Steve Gradick began working with Nistworks last fall. Nistworks handles the company’s networking at its three studios, Web sites and e-mail.
“We’re very happy to see David’s success in the community,” Gradick said.
Gradick decided to move his accounts to Nistworks because of Nist’s experience with IT.
“He has a wealth of knowledge having been in the IT business for many years,” he said. “He really brings that knowledge to our community environment and that kind of knowledge you may only get with a larger metro type operation.”
Nistworks has expanded to five employees including Nist’s two sons, Chris and Andrew, and he is looking to add two sales positions and later a couple of marketing positions. So far, the company has just been growing by word of mouth and now he feels ready to start being a little more aggressive in garnering new customers. As more and more companies are trimming their IT departments because they can no longer afford them, he wants to be in a position to pick up that work.
“We’re missing that market – that is such a rich, rich market right now,” Nist said. “We’ve had zero marketing effort, zero sales effort and it’s time for us to grow in that direction.”

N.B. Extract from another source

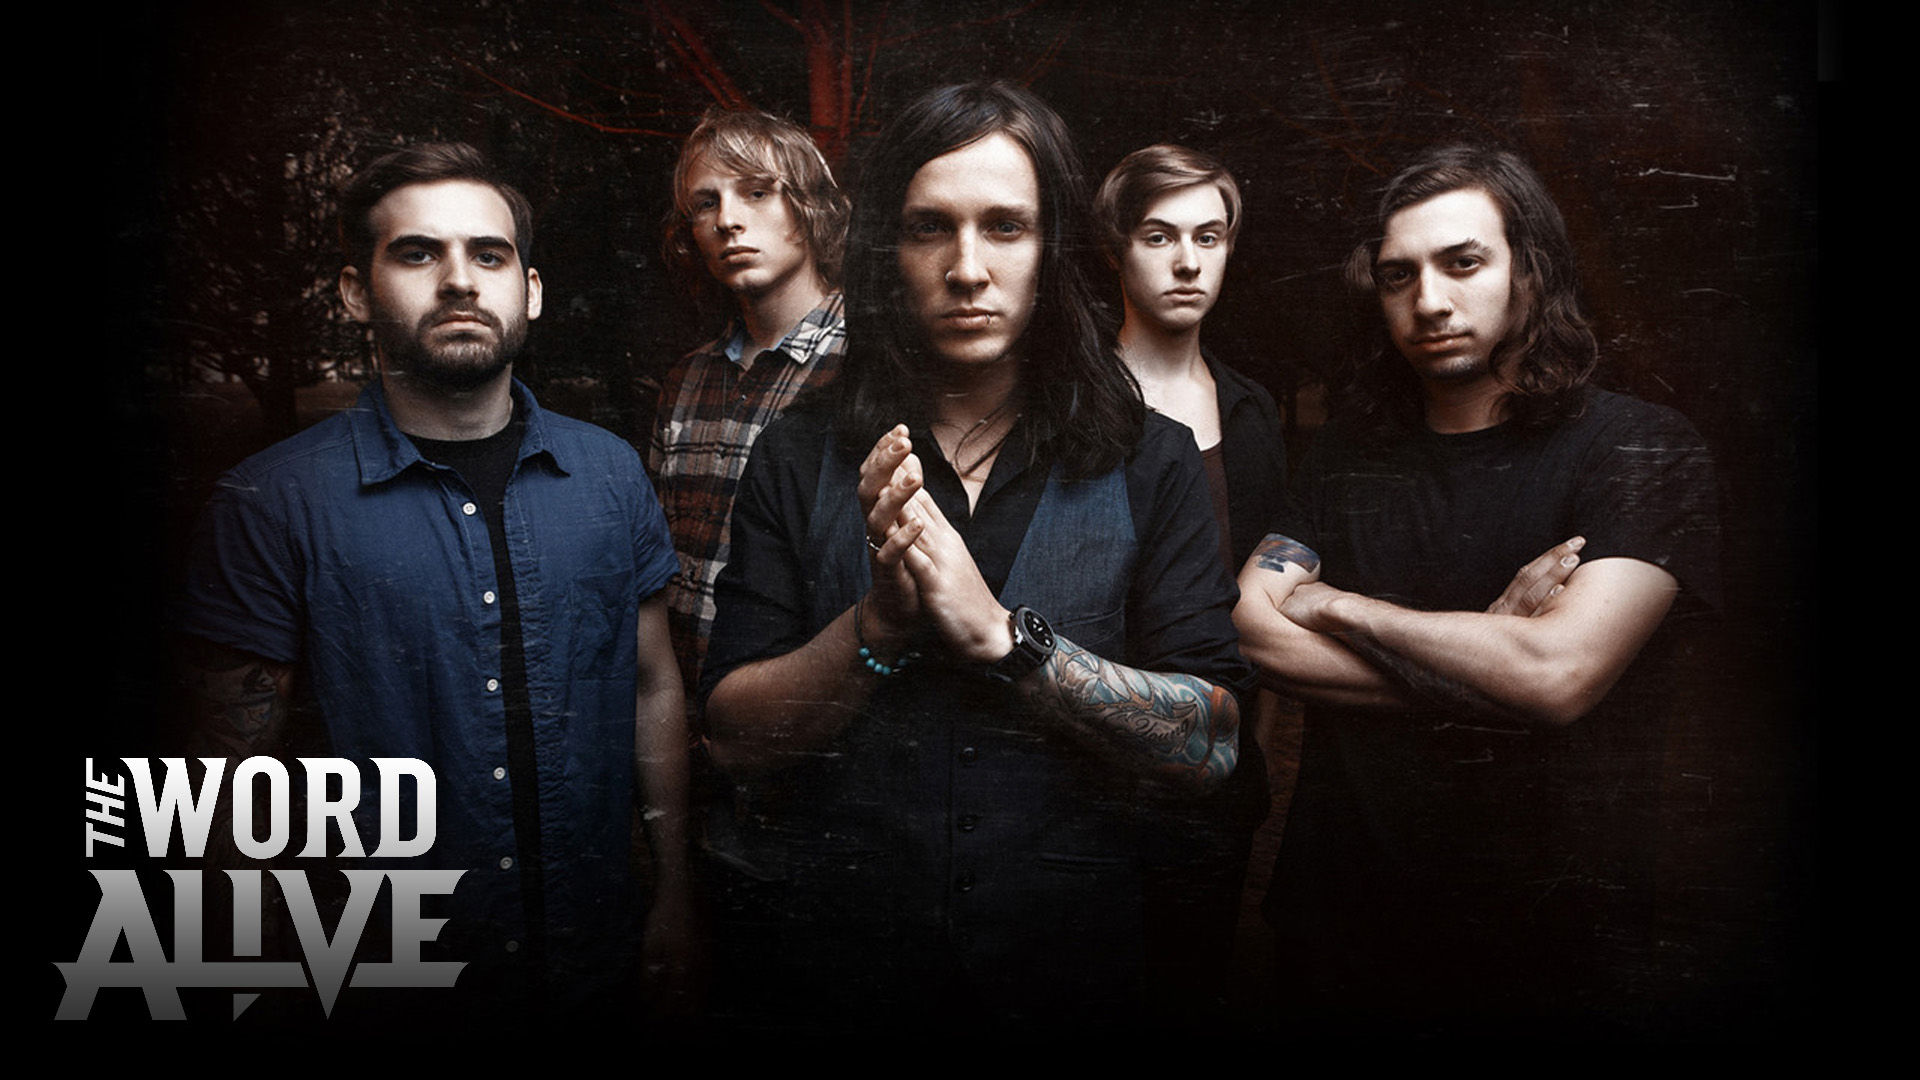 Altwall The Word Alive Wallpaper

The company is debt free and he wants it to stay that way. He has to be careful how much money he puts out for expansion and it has to pay for itself. When he started at the Burson Center, his rent afforded him an office, a phone line and provided him with a snapshot of the business community in Carroll County.
Nist has been impressed with the business community he’s found in Carrollton. He’s been surprised to travel to the end of a dirt road to find some of these companies and once he sees their operation to realize they are working well beyond the county boundaries, some even internationally.
“All these little companies that you wouldn’t think are anybody are actually somebody,” Nist said.
He started Nistworks on his own, hoping that someday his sons would join him. He thought he might have to move into Atlanta to grow to where he wanted to be, but the county has really offered him much more room to expand than he realized.
Now that he has moved to the larger offices on Cable Industrial Boulevard, he’s ready and anxious for more expansion. He knows what he’s doing, because he’s done it before. After seven years of being his own boss in Oklahoma City, he’s also happy to be on his own again.
“You get it in your blood,” Nist said.
Nistworks just moved to new offices in Carrollton at 270 Cable Industrial Way.